“El cuerpo es lo que quiero decir”, proclamó Luis Caballero (Bogotá, 1943-1995). Esta frase, abierta y genuina, sustenta su creación visual. Y fue lo que hizo a través de su tormentosa y doliente vida, en una sociedad enmarañada en un implacable tejido conservador: “decir el cuerpo”. Carnalidad. Temblor, horror y oblación. Furia y deseo. Asediadora insistencia de figuras que abruman y conmocionan, sobrecogiéndonos. Ciscos que van y nunca vuelven en soportes enormes que desbordan los cielos y los infiernos del artista.
Descendiente de familias aristocráticas, Caballero demostró su vocación por el arte desde muy temprana edad: culpa y perdón. Asistía a una tía pintora, ciega, que a sus 80 años seguía en su oficio. Ella fue quien develizó sus atributos y lo inició en el dibujo y la pintura. Otra mujer, Marta Traba —quien tanto hizo por las artes de nuestra América—, sería, más tarde, la encargada de grabar su destino de trabajo, que cree Gaston Bachelard, propio de los artistas grandes.

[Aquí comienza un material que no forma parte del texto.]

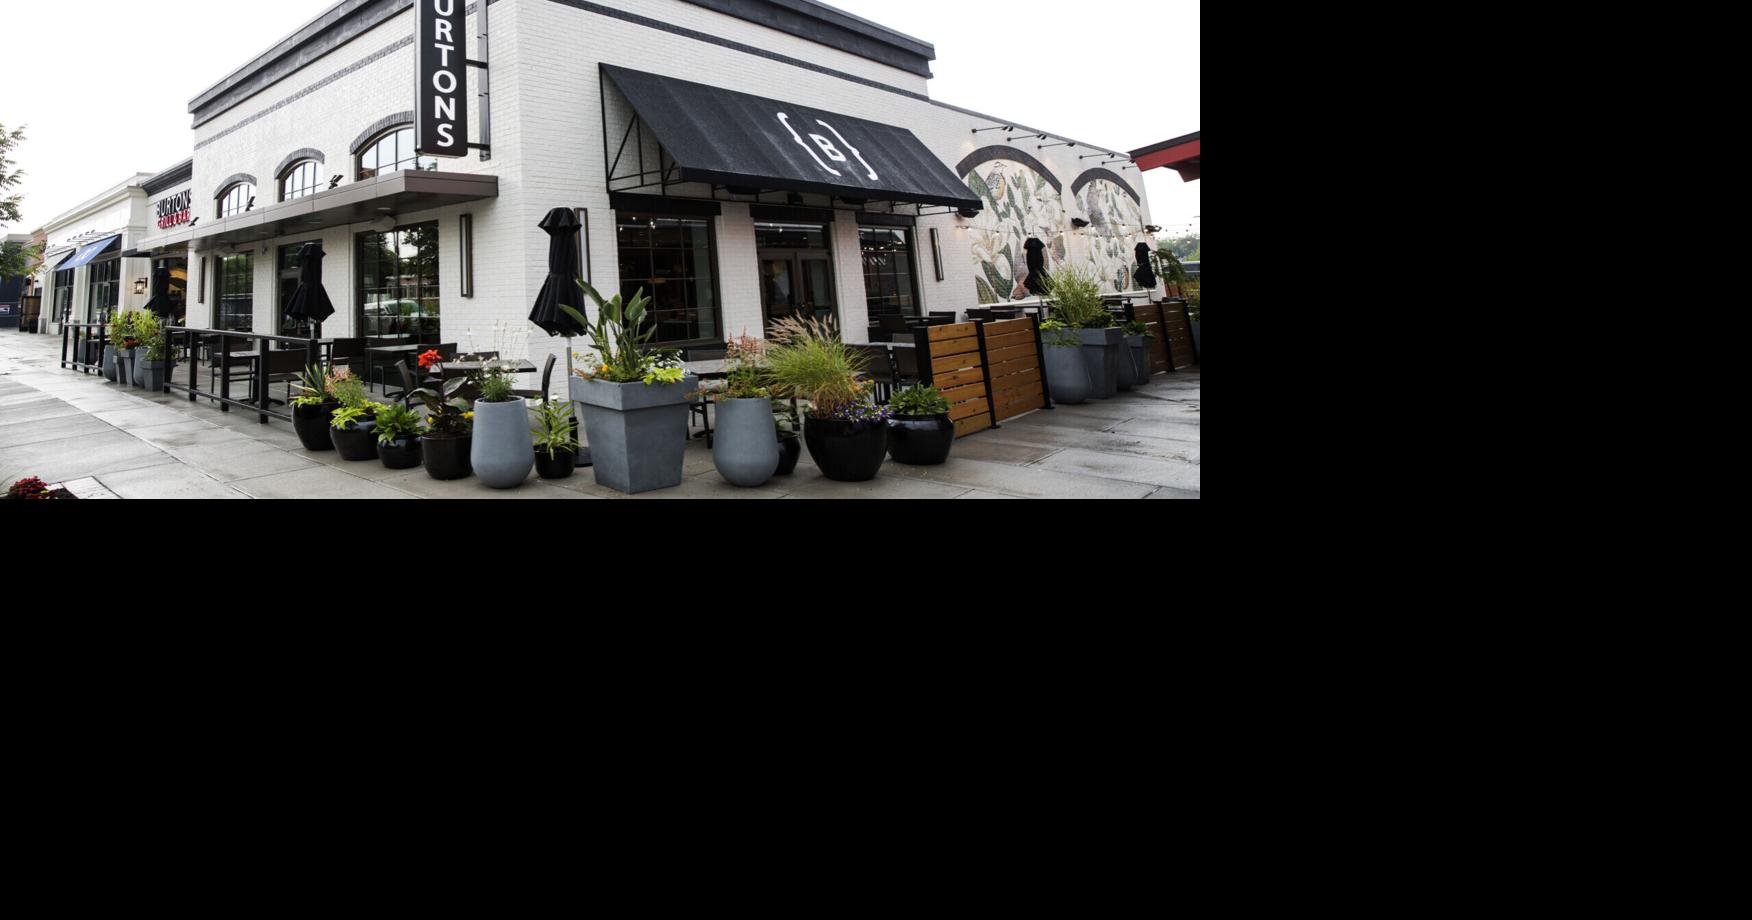 Burtons Grill & Bar opening in Carytown Exchange this week
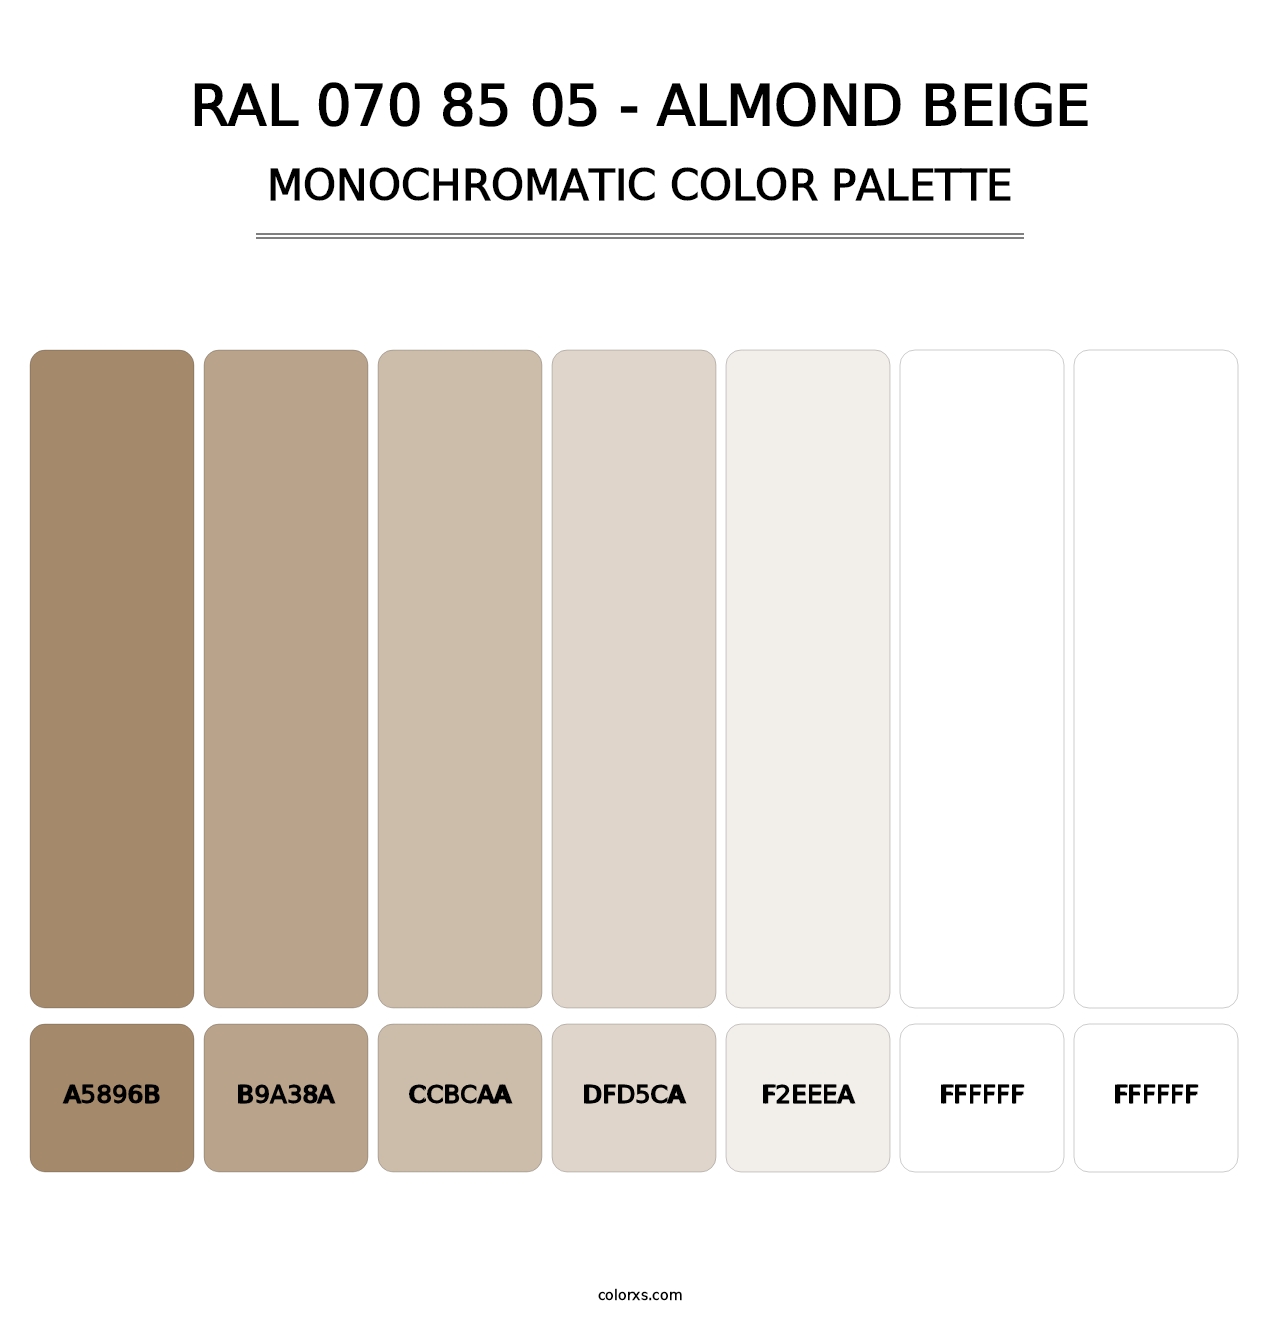 RAL 070 85 05 - Almond Beige - Monochromatic Color Palette

“Mátenme de nuevo o tómenme como soy”
Mientras sus compañeros de generación eran seducidos por performances, instalaciones, arte conceptual, Caballero prefería el dibujo y la pintura figurativa, afinándolos con exasperación día tras día. Junto a Traba y guiado en la praxis por uno de sus maestros, Juan Antonio Roda, se convirtió en experto en historia del arte y estudió a fondo los frescos renacentistas, enfatizando en Velázquez y luego en el manierismo con Rosso y Bronzino…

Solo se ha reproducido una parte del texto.